Fig. 2 is a flowchart illustrating a step S103 of the method for predicting the chemical material adsorption performance based on automatic machine learning according to the present invention.

The embodiment of the invention provides a chemical material adsorption performance prediction method based on automatic machine learning, and the step S103 comprises the following steps:

and step 310, performing feature engineering, namely performing feature processing on the original data and preprocessing on the original data set, wherein the preprocessing comprises one or more of data sampling, data cleaning, feature compression, feature conversion and feature extraction, and performing feature screening according to the importance of features.

Specifically, by a SelectKBest method, selecting the feature information of the optimal top n% and removing the features which do not meet the minimum variance threshold, wherein the method for selecting the optimal top n% features is performed by combining chi-square verification and mutual information:

wherein p (x, y) is a joint distribution function of x and y, and p (x) and p (y) are marginal probability density functions of x and y, F_iIs an observed value of the ith feature, E_iIs the expected value of the ith feature, the feature importance includes the correlation between the feature and the target variable and the inter-featureAnd (4) correlation, namely, the features with strong correlation with the target variable are reserved, and the features with strong correlation among the features are deleted to avoid multiple collinearity of the model.

Specifically, the correlation coefficient of the two characteristic variables is calculated by the following formula, and if the correlation coefficient of the two characteristic variables is greater than 0.9, the correlation of the two characteristic variables is determined to be strong:

and

representing the mean of x and y, respectively.

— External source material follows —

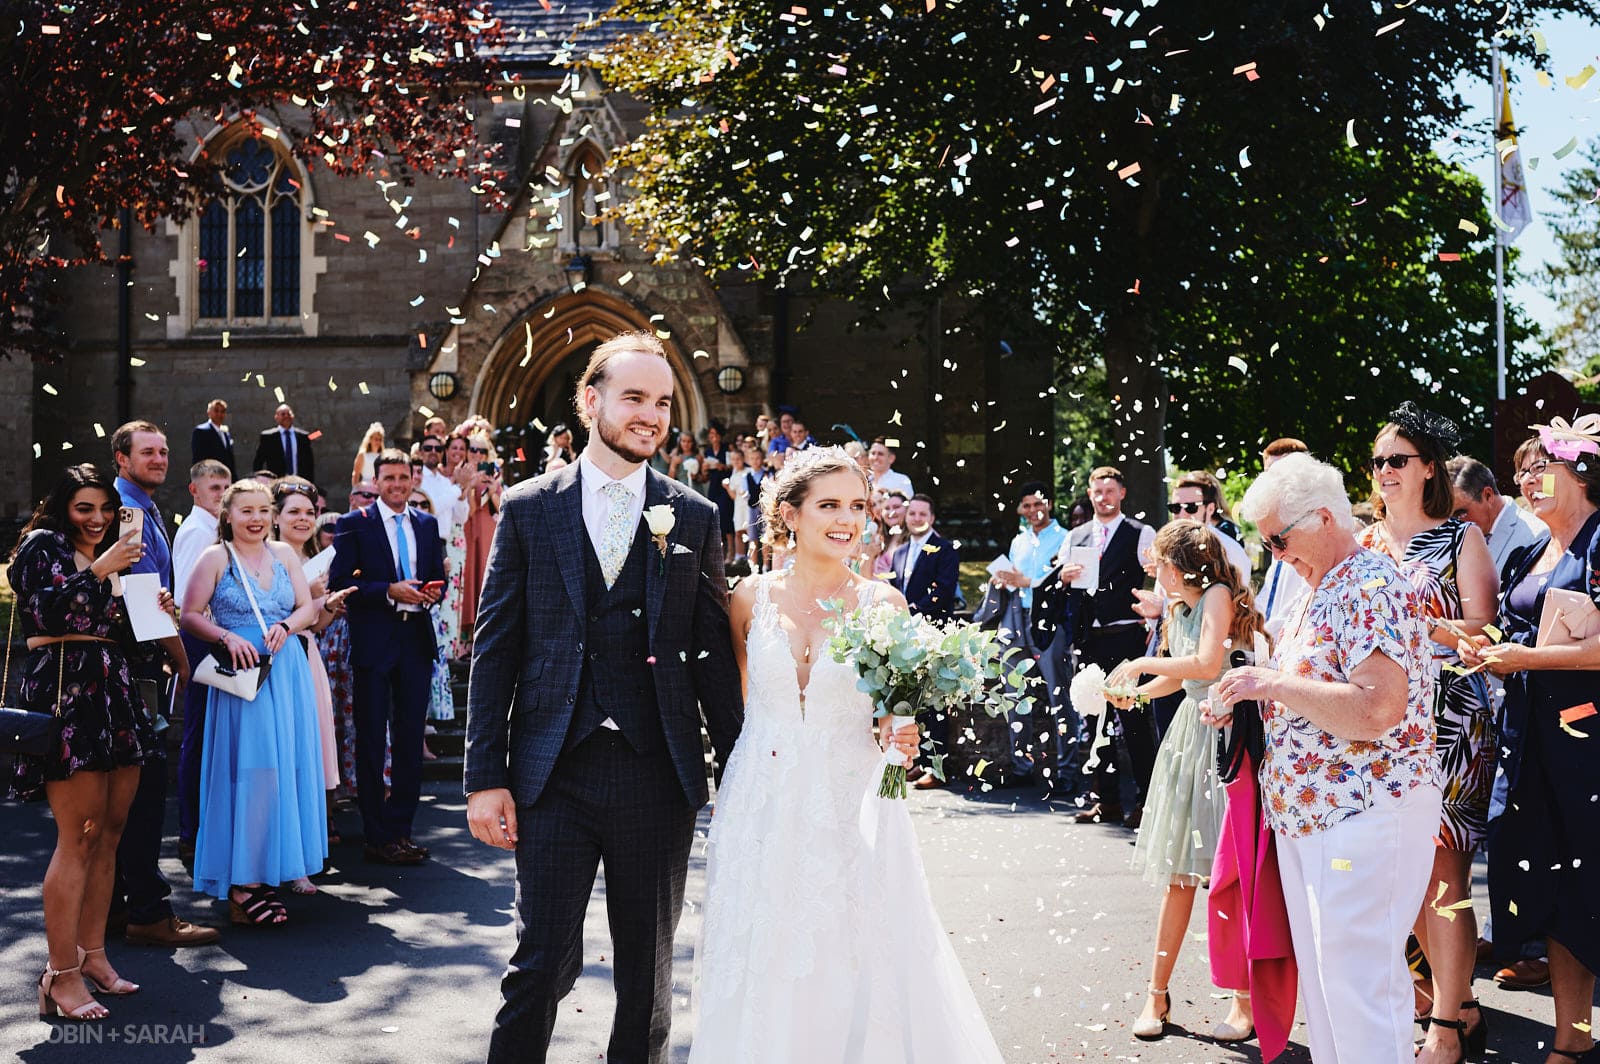 Wedding guests throw confetti over bride and groom at St Peter's Catholic church Bromsgrove

And 320, selecting a model, namely selecting the model with excellent performance of the initialization model in the machine learning.

And 330, model parameter adjustment, namely optimizing the hyper-parameters of the plurality of initial models through the genetic algorithm to generate a plurality of initial models with optimal performance, and selecting a batch of optimal parameters to ensure that the model performance is optimal.

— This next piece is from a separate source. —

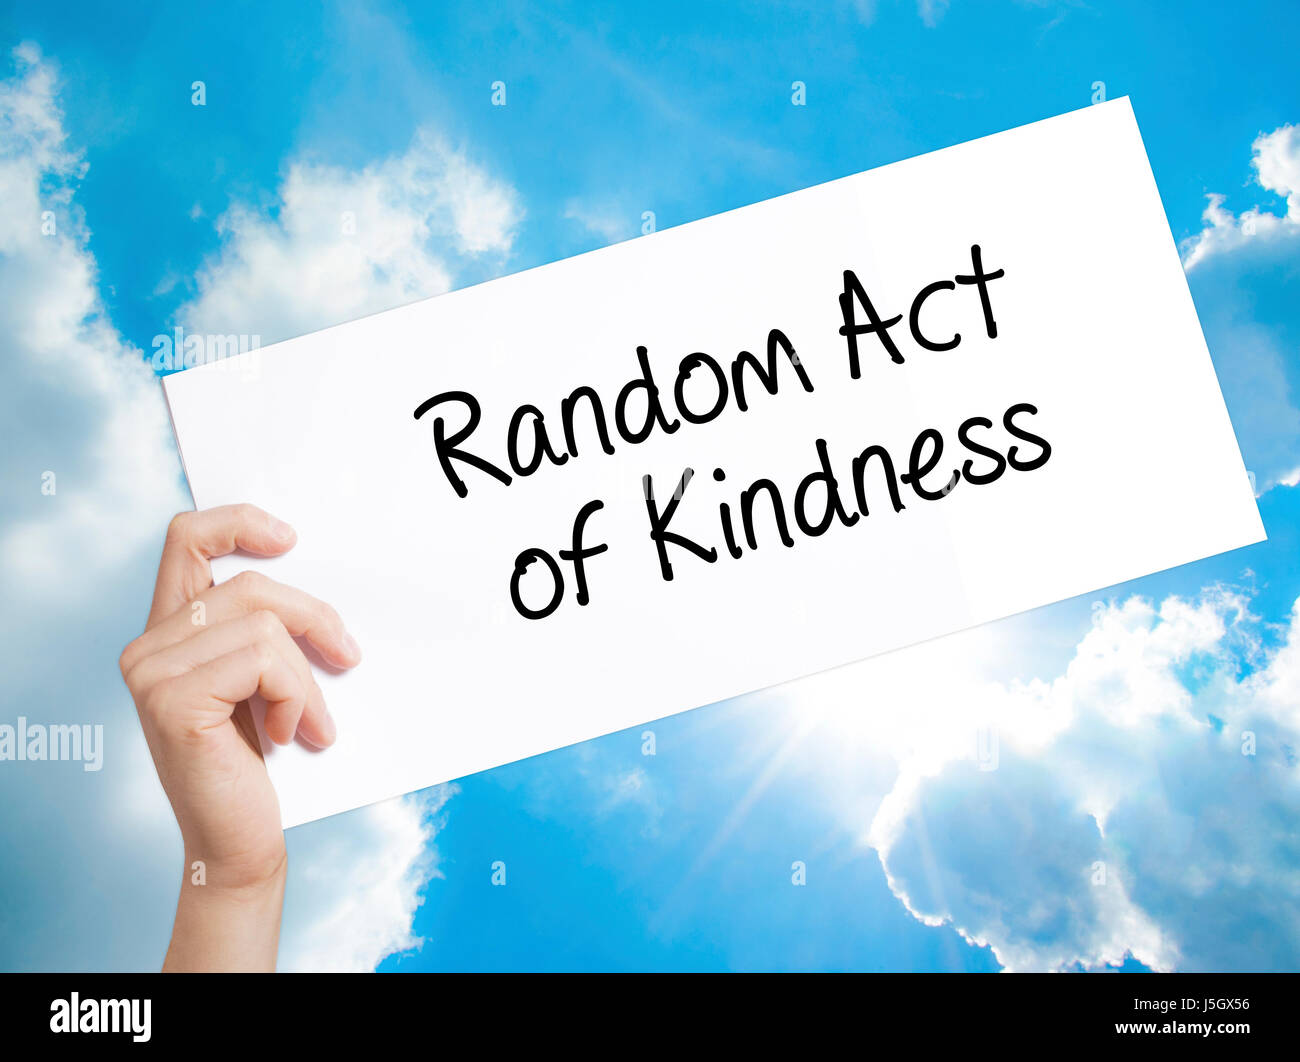 Random Act of Kindness Sign on white paper. Man Hand Holding Paper with text. Isolated on sky background.   Business concept. Stock Photo Stock Photo

Step 340, performing superposition combination on the optimal models obtained in the step 330 in a pipeline mode, generating a plurality of optimal performance initial models according to a genetic algorithm, and integrating the plurality of optimal performance initial models into an optimal prediction model set by using a superposition combination method:

wherein A ═ { A ═ A¹,...AⁿRepresents a set of base learners, each element representing data processing and machine learning algorithms, A^jE.a (j ═ 1.. times, n) is the hyper-parameter space Λ corresponding to the set^j。

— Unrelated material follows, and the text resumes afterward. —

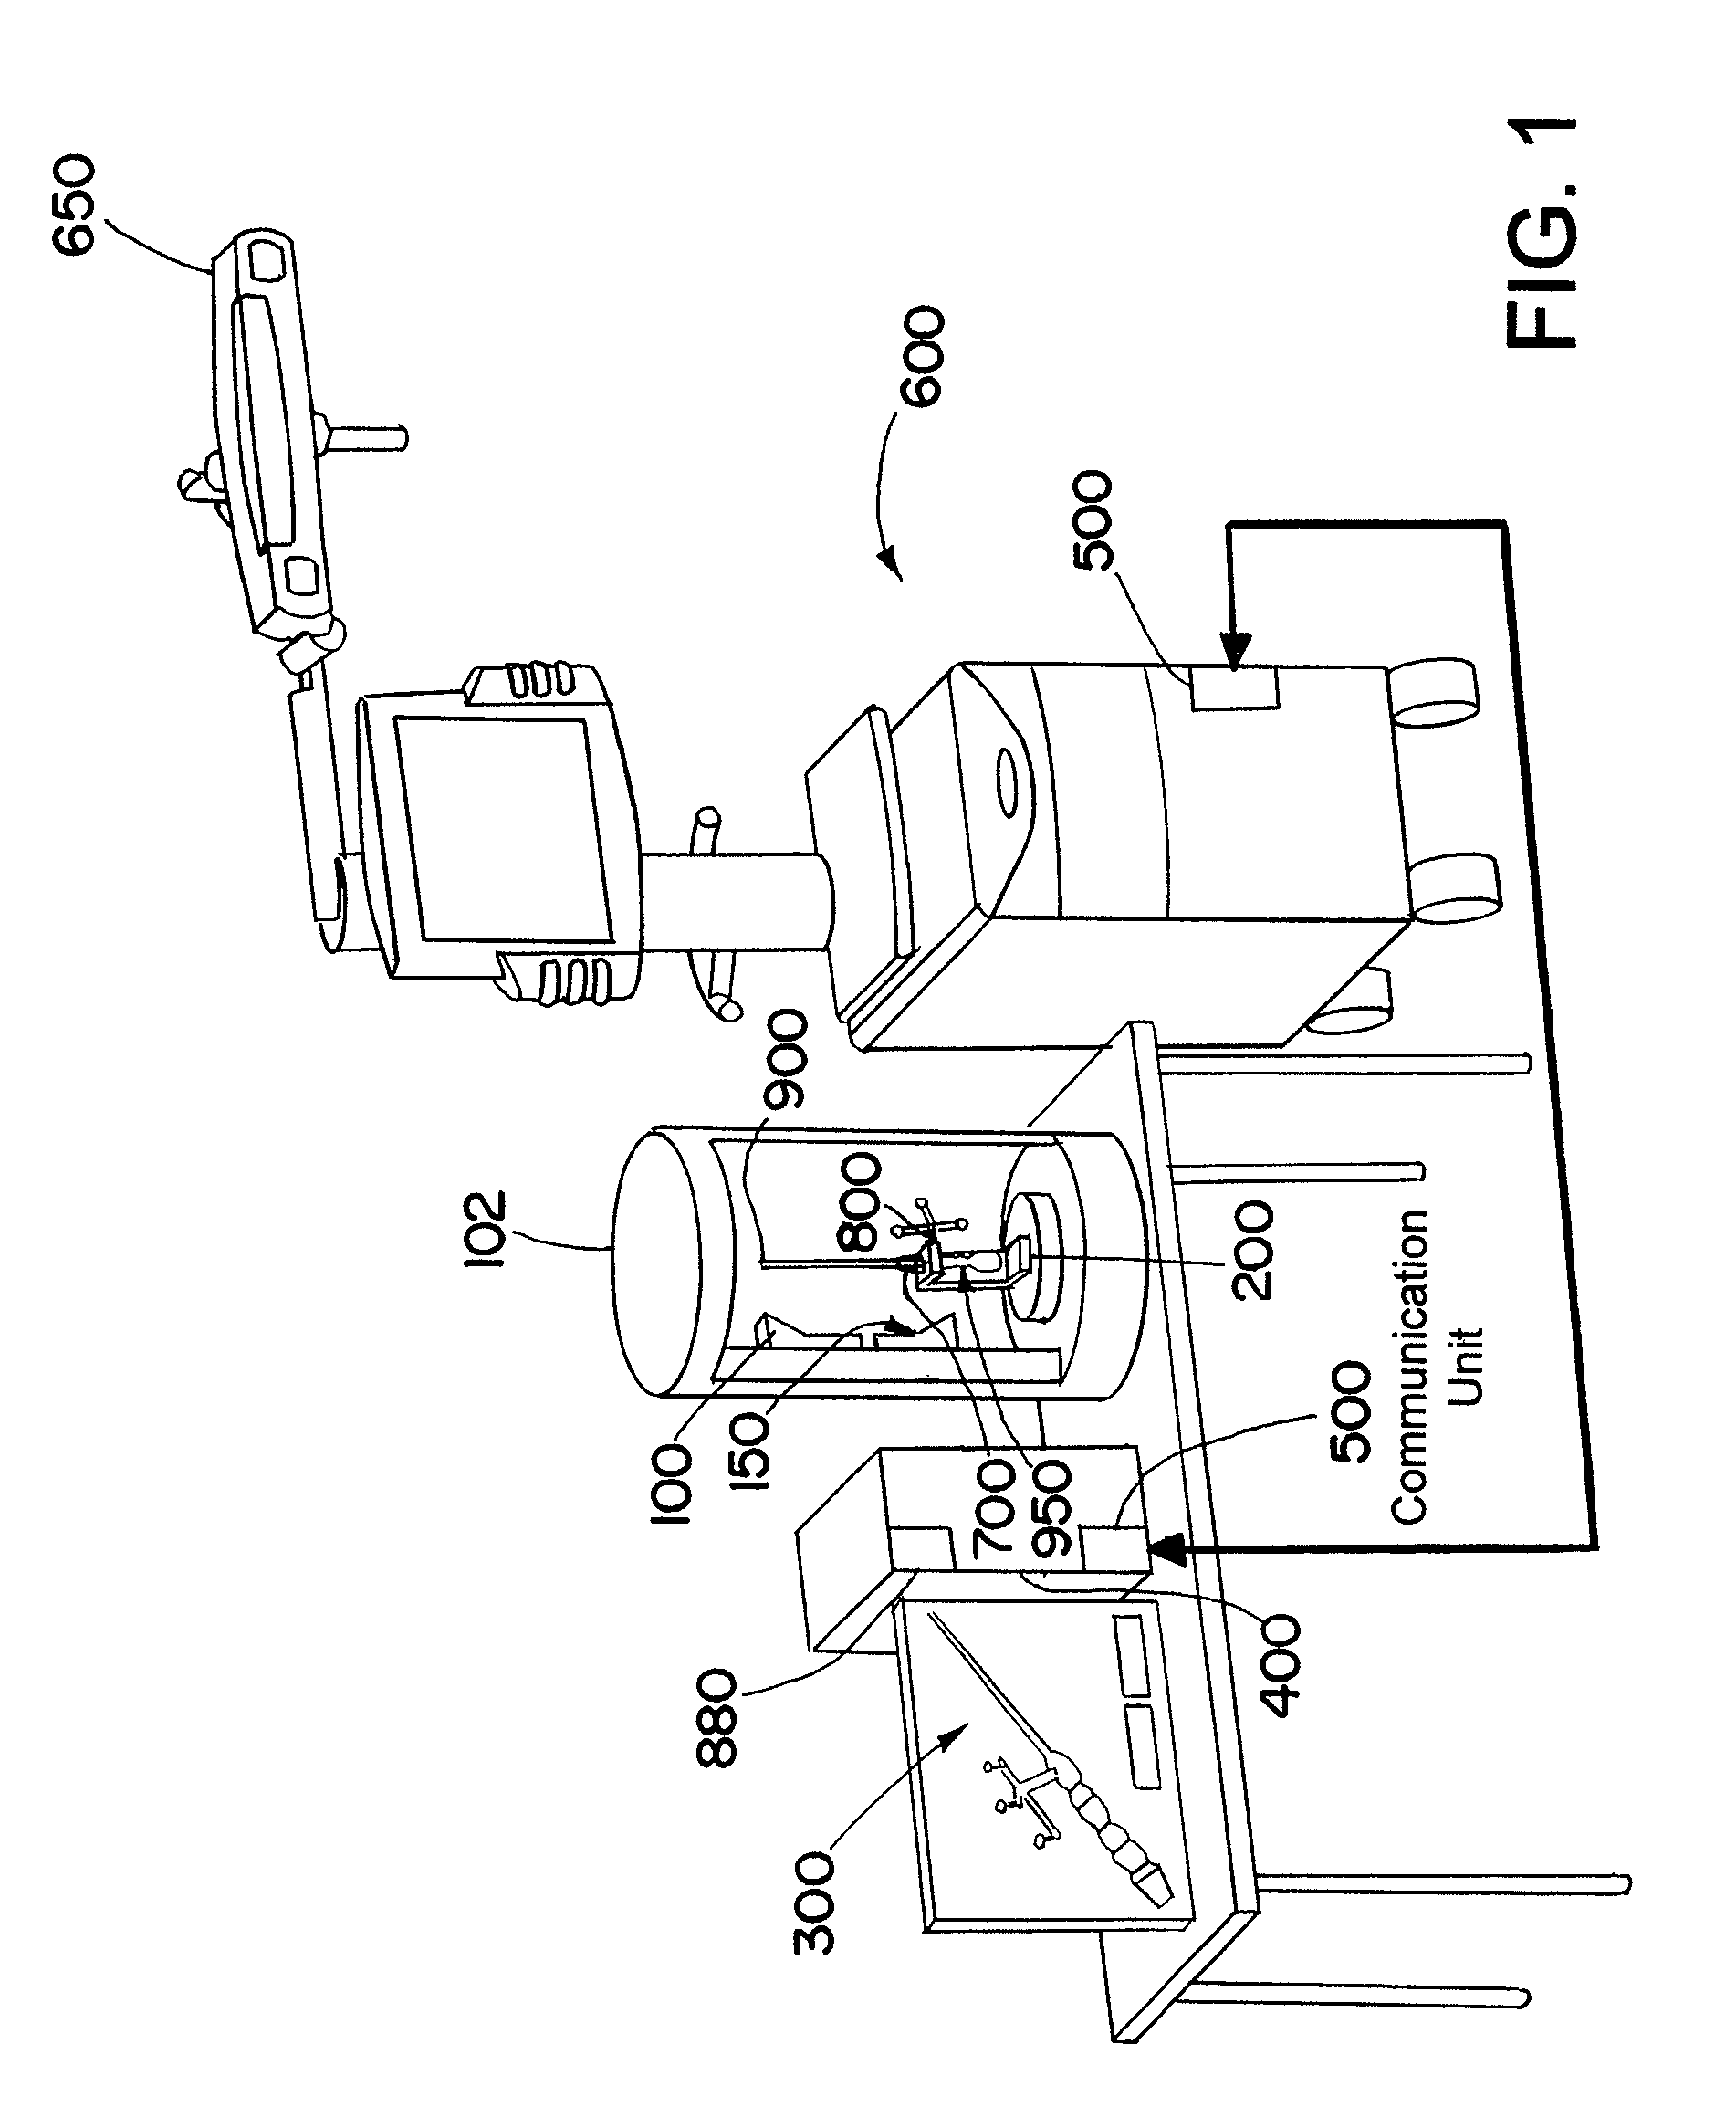 Geometrical properties measuring device for a medical treatment device including an RFID transponder

In particular, the modelK cross-validation is performed during selection, and the data set is divided into k training sets

And k verification sets

To be in a training set

With a hyperparameter lambda epsilon lambda of training^jAlgorithm A of^jIn the verification set

The optimal model combination and the hyper-parameter combination are found through the algorithm.

Specifically, an optimal pipeline model is obtained by integration through a superposition combination method, so that a high-performance model can be prevented from being discarded, a more complex model structure is formed, a model with stronger prediction capability can be obtained, simplification of hyper-parameters and overfitting of data are avoided, and the obtained model has stronger robustness; the pipeline method is iterative, each step is repeatedly executed, the accuracy of the model is continuously improved, and a successful algorithm is obtained. Combining the method models of all the processing processes to form a prediction model of a production line, and finally obtaining a finished pipeline prediction model comprising data preprocessing, characteristic engineering and model prediction.

Step 350, evaluating the pipeline model, and fitting goodness of fit R through an objective function²And RMSE estimates the pipeline model formed by overlapping and combining the optimal models:

where n represents the total number of data sets,

is all predicted values

Average value of (a).

Fig. 3 is a block diagram of a chemical material adsorption performance prediction apparatus based on automatic machine learning according to the present invention.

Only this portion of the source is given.